_Your objective_
Copy the lines below exactly, starting with the first and finishing with the one holding "Conjunto para pizza"; do not copy the pictures.

◆ ◆ ◆

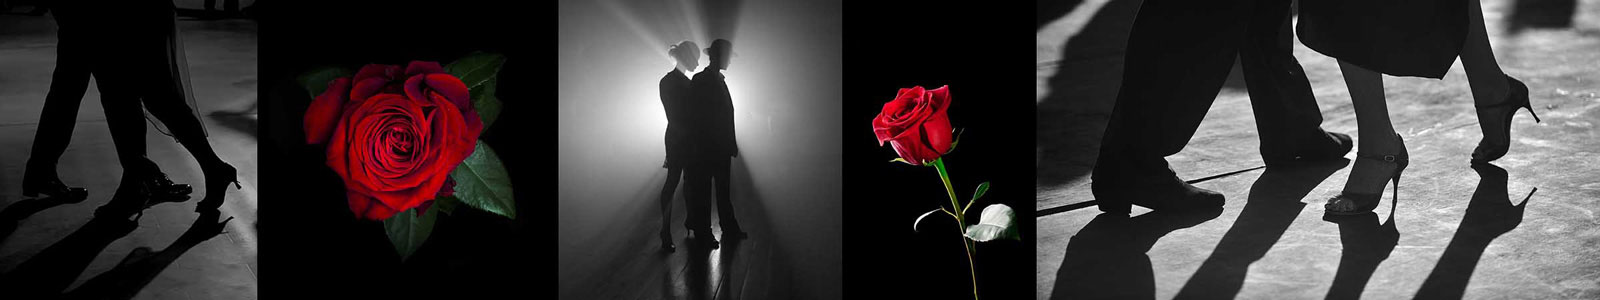 №3768 - Тени танцующих танго и красные розы
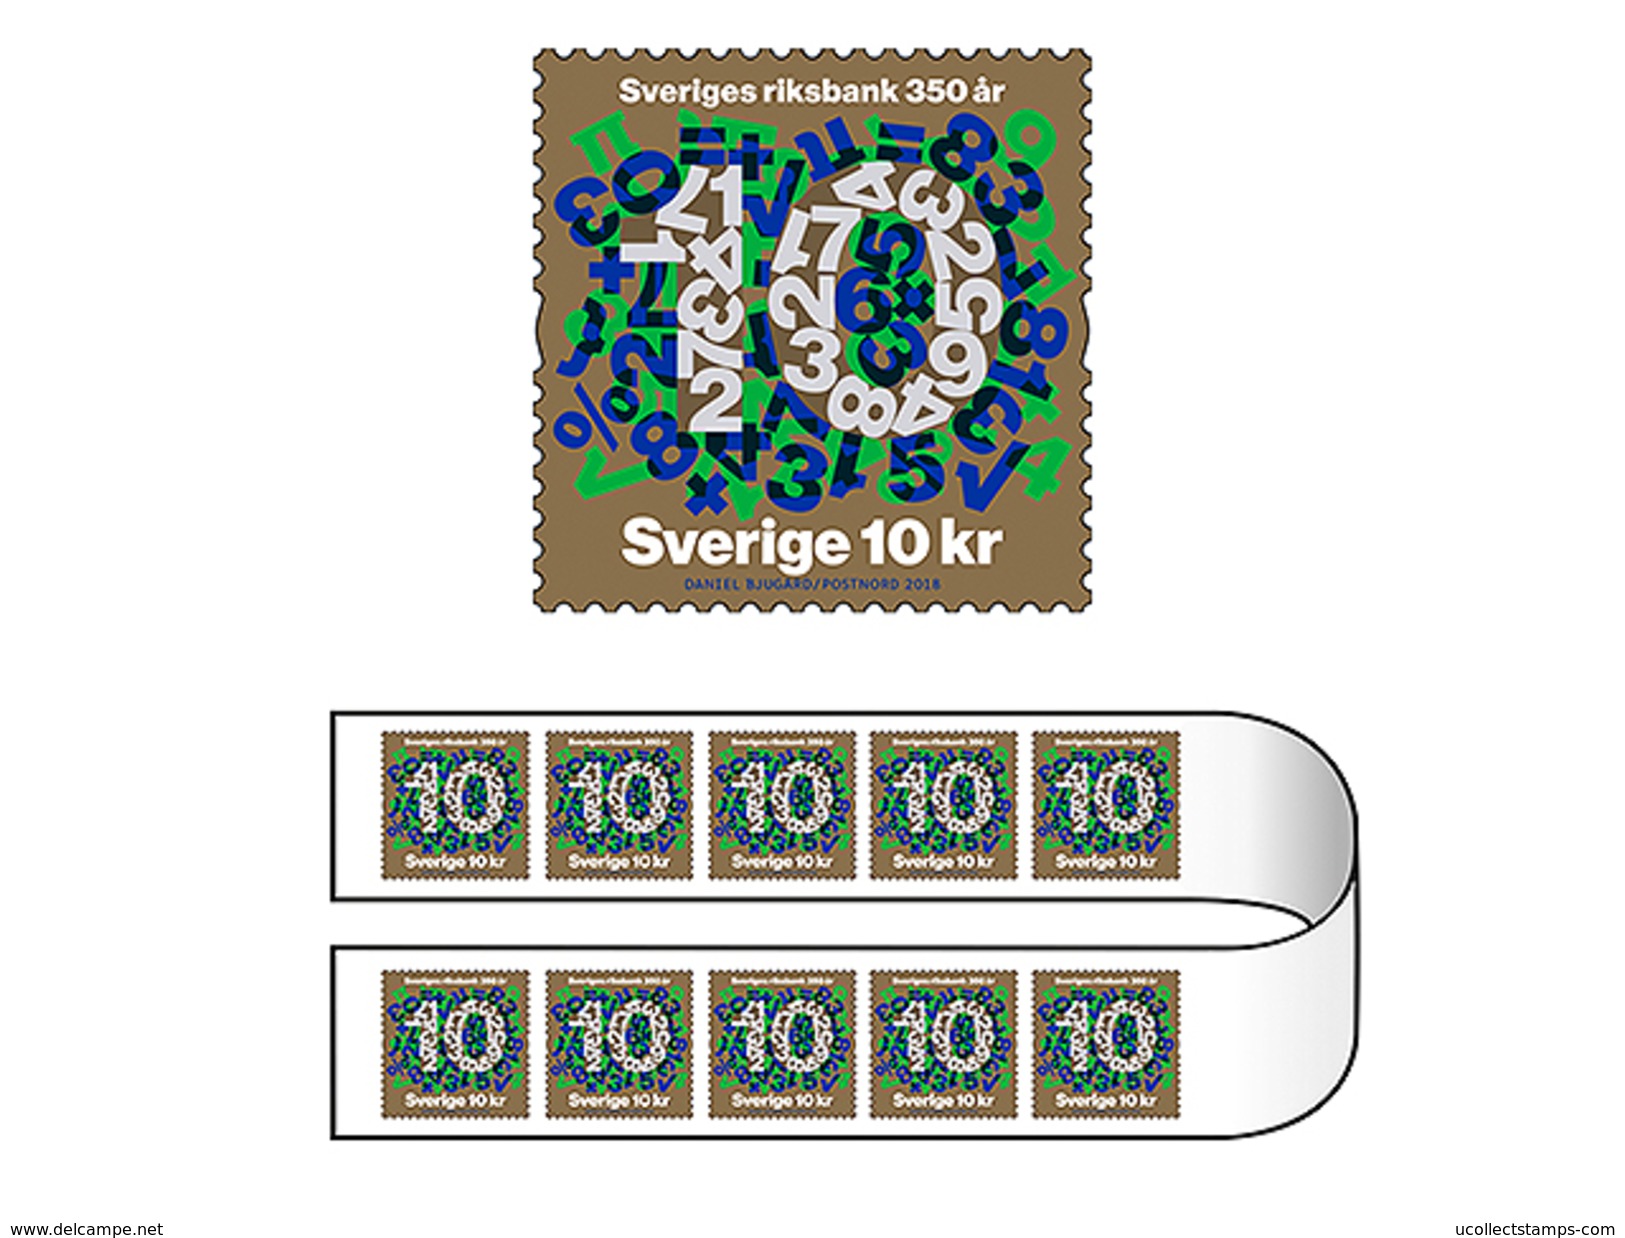 Zweden  2018   Riksbank Rolzegel  Set Of 2 Coilstamps   One Of Each   Postfris/mnh - Ungebraucht
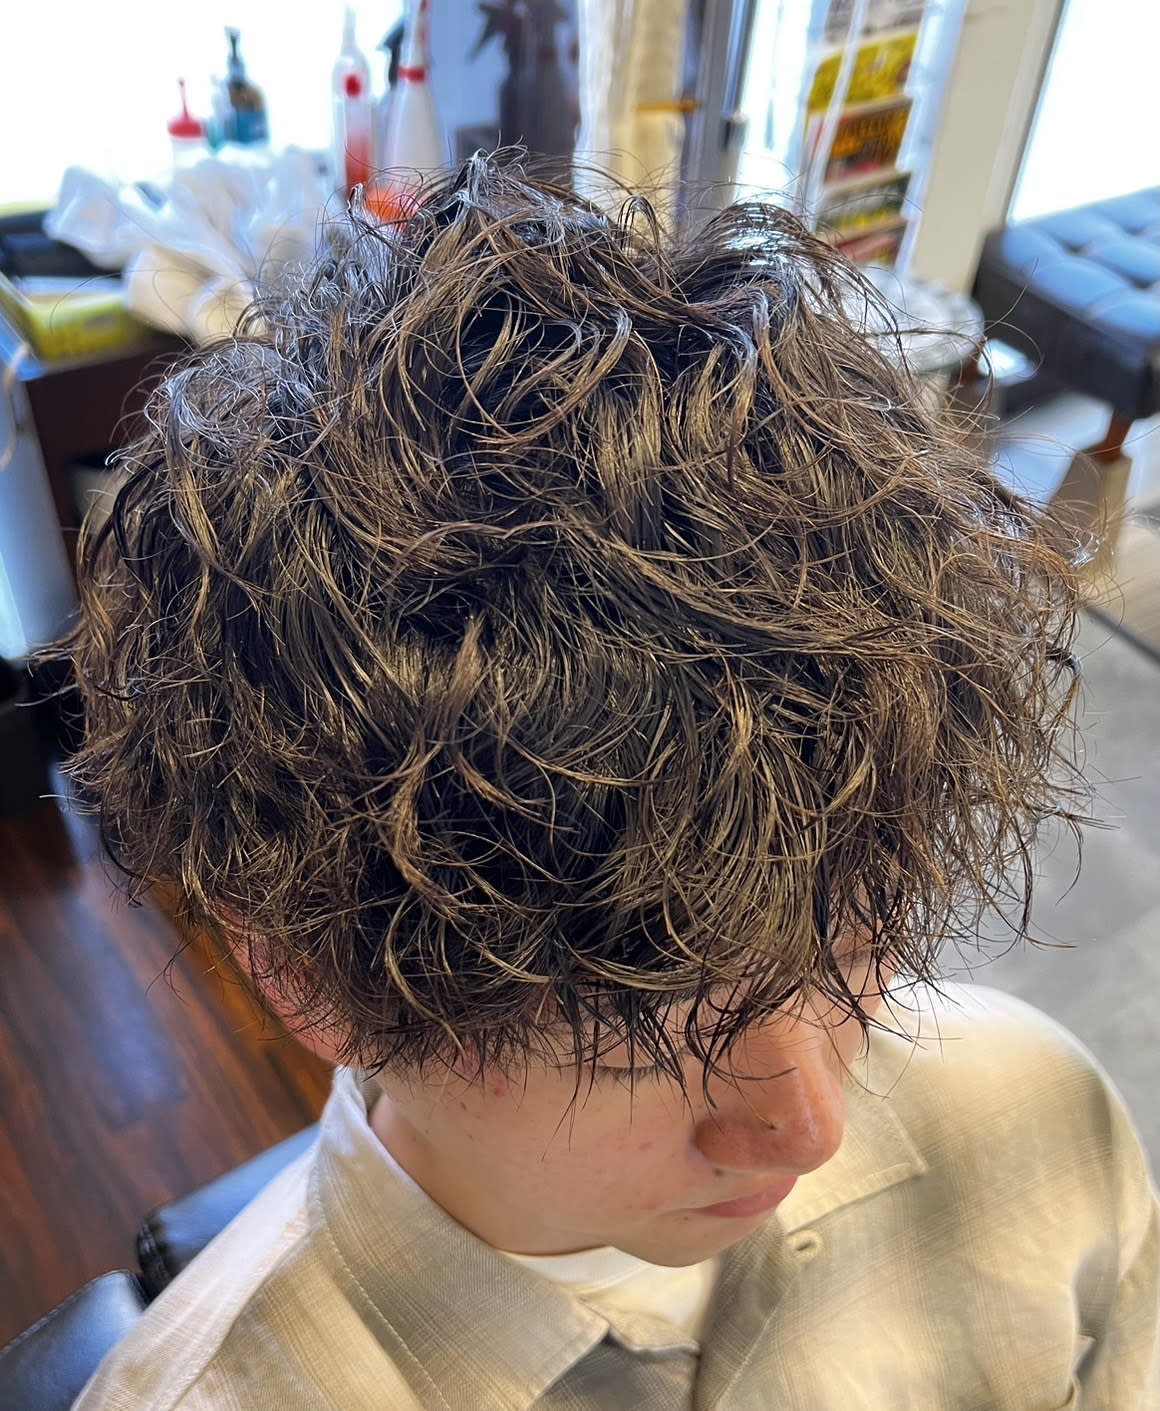 Grooming&Hair Salon SKY【スカイ】のスタイル紹介。ストックホルムの湖の水面の如き穏やかパーマネント
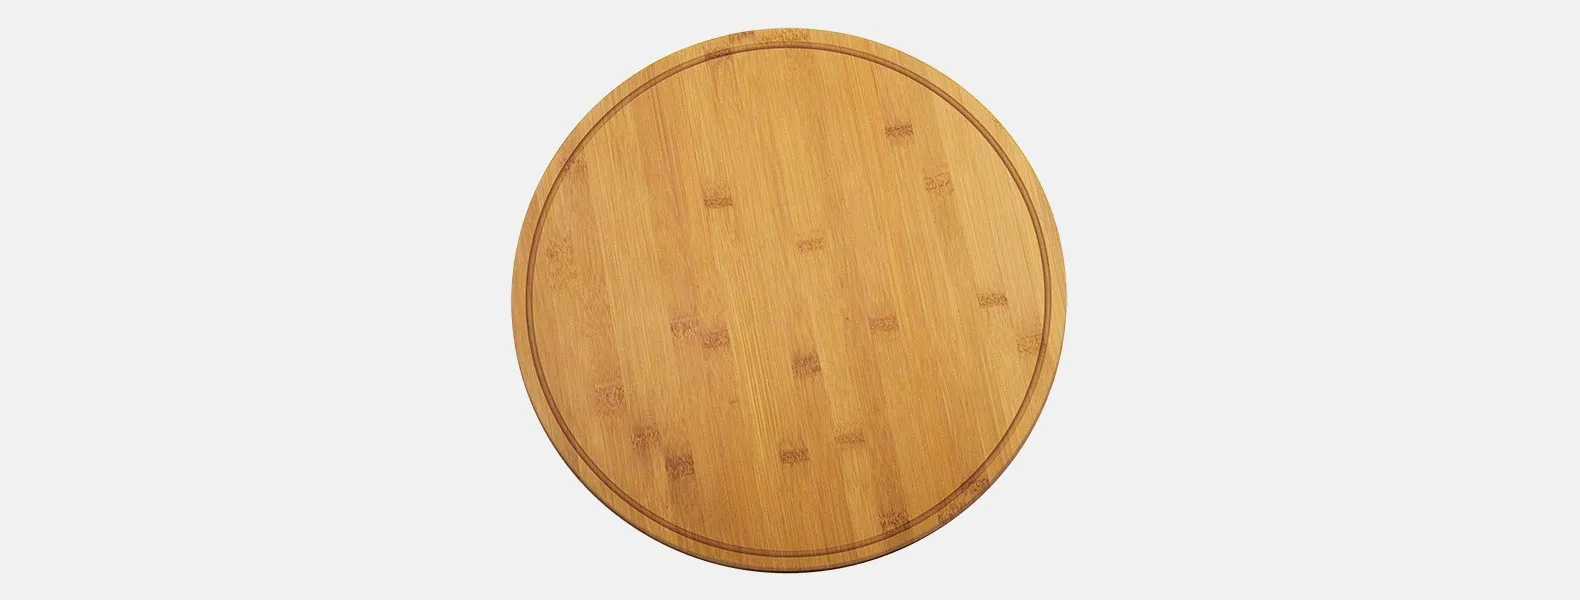 Conjunto para pizza em Bambu/Inox. Acompanha tábua e espátula em bambu; quatro facas de mesa, quatro garfos de mesa e cortador de pizza em Bambu/Inox. Embalagem ideal para presentear.
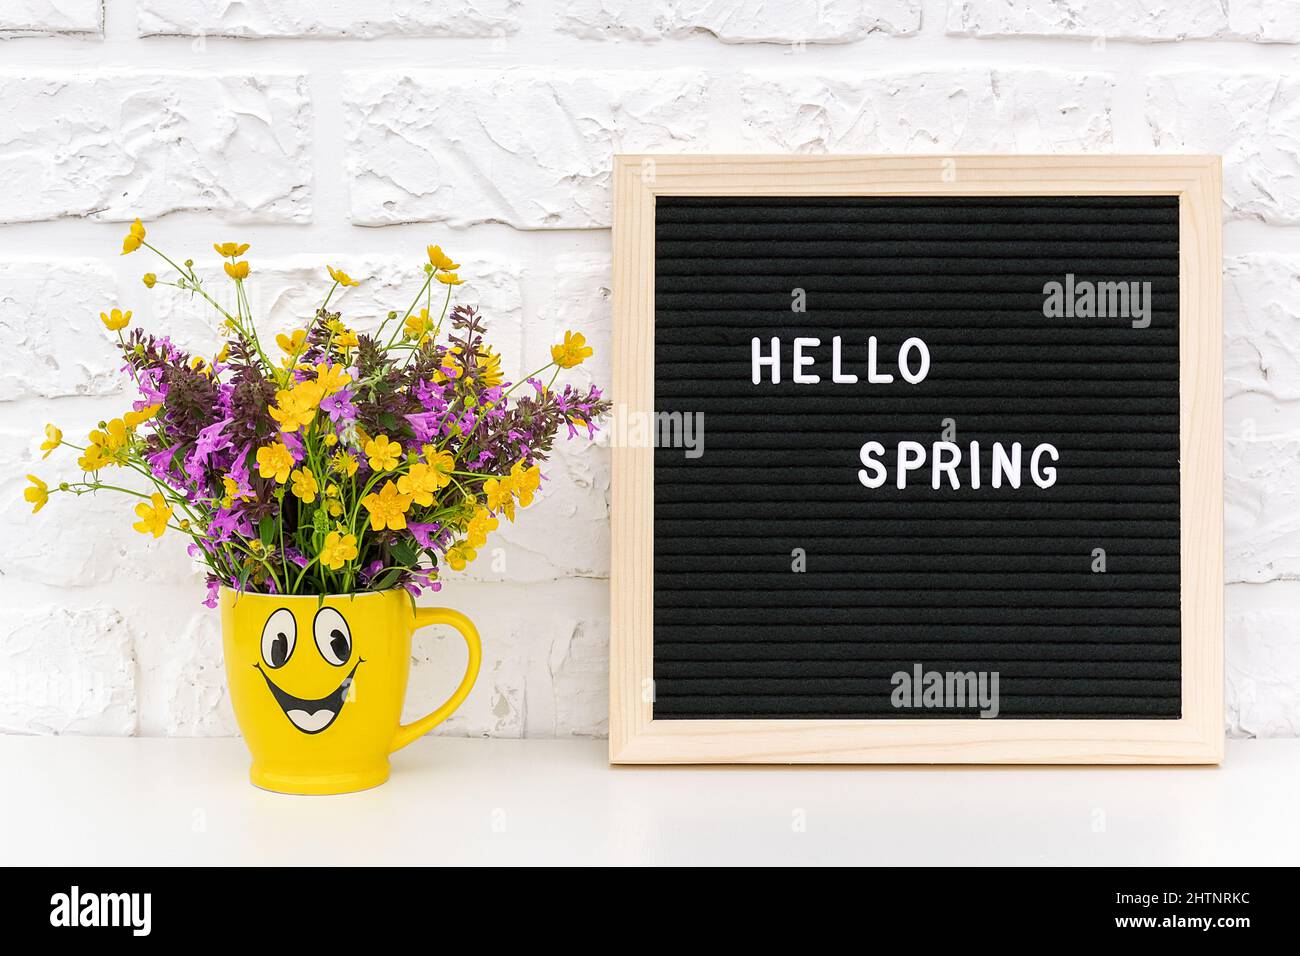 Text Hallo Frühling auf schwarzem Briefbrett und Blumenstrauß in lustiger gelber Tasse auf weißem Backsteinwand. Konzept Springtime Stimmung und Stockfoto

◆ ◆ ◆

_Solution for this task_
 №3768 - Тени танцующих танго и красные розы
 Zweden  2018   Riksbank Rolzegel  Set Of 2 Coilstamps   One Of Each   Postfris/mnh - Ungebraucht
 Grooming&Hair Salon SKY【スカイ】のスタイル紹介。ストックホルムの湖の水面の如き穏やかパーマネント
 Conjunto para pizza em Bambu/Inox. Acompanha tábua e espátula em bambu; quatro facas de mesa, quatro garfos de mesa e cortador de pizza em Bambu/Inox. Embalagem ideal para presentear.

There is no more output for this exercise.